At trial, expert testimony asserted that Andrea was in the middle of a psychotic episode when she drowned her children. In Texas, the law requires that for an insanity defence to work, it has to be proven that the defendant couldn’t discern right from wrong at the time of the crime. The jury rejected her defence and found her guilty. On appeal, Yates was found not guilty by reason of insanity and moved from prison to a mental hospital. It has since been revealed that Andrea never should have been released from the hospital days before she killed her children, and that she only had been because of the limitations of her insurance.

Steven Steinberg
In 1981, Steven Steinberg killed his wife by stabbing her 26 times. At first, he told police that she had been killed in a home invasion gone wrong, but the evidence pointed towards him as the killer. He admitted he did, in fact, kill her, but claimed he was asleep walking at the time and therefore couldn’t be considered “sane”. His lawyer even had a psychiatrist testify that the murder was a “dissociative reaction” and the jury should consider him “temporarily insane” when he killed his wife and therefore not criminally responsible.

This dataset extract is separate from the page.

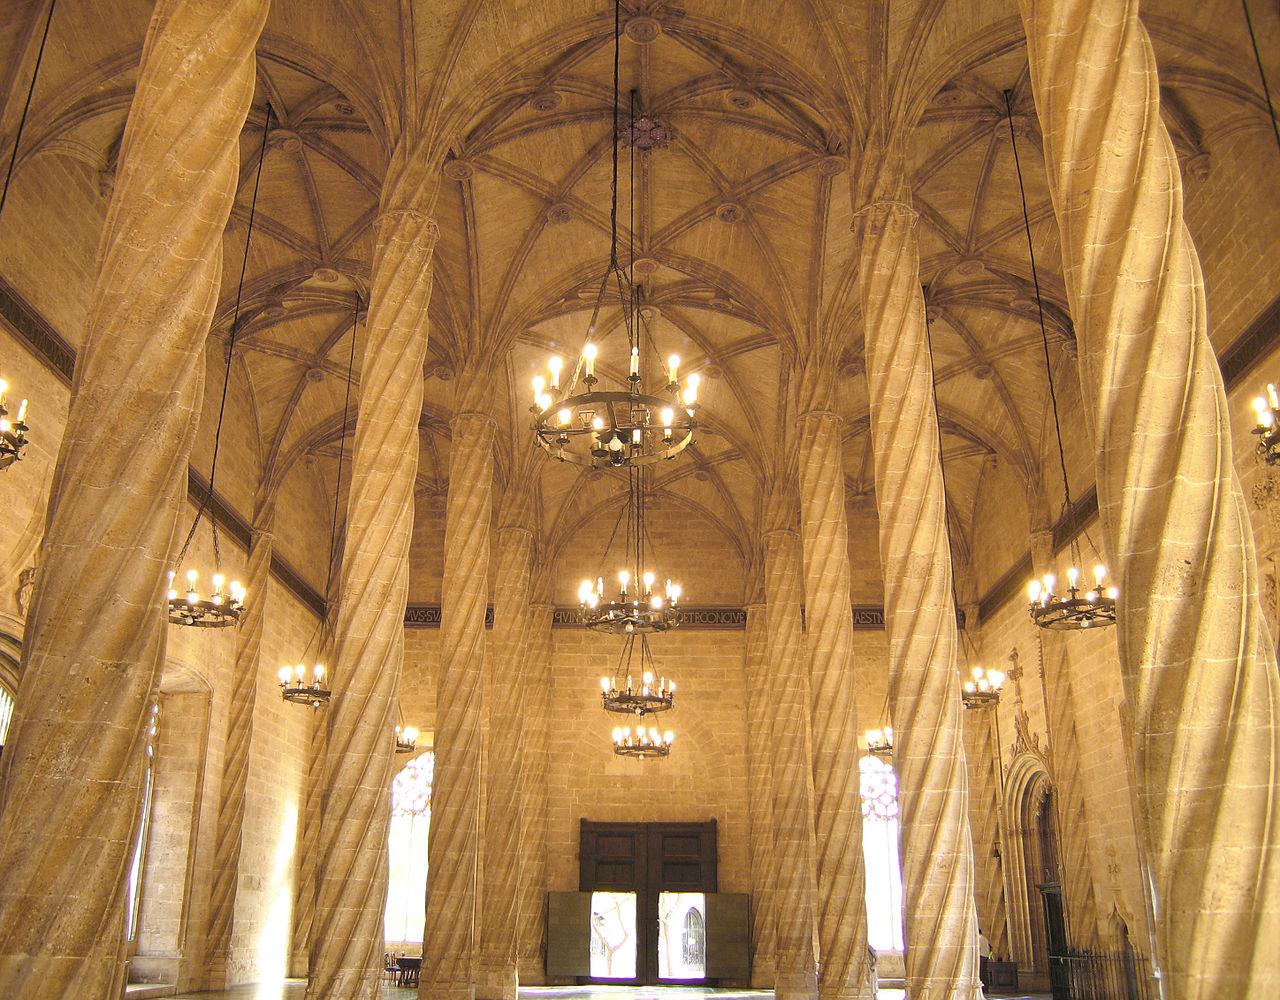 Sala de Contractació de la Llotja de València, Usuari: Felivet, Domini públic

The jury bought it and they found Steinberg not guilty. Since he wasn’t suffering from any long term mental illnesses, despite everyone knowing he did kill his wife, he was released a free man as soon as the verdict was read. Today, under Arizona law, the “temporary insanity” defence no longer exists in the same form. Now judges have to impose a “guilty but insane” sentence which means the person will have to serve a sentence in a mental institution even if they were technically not in the their right mind at the time of the murder.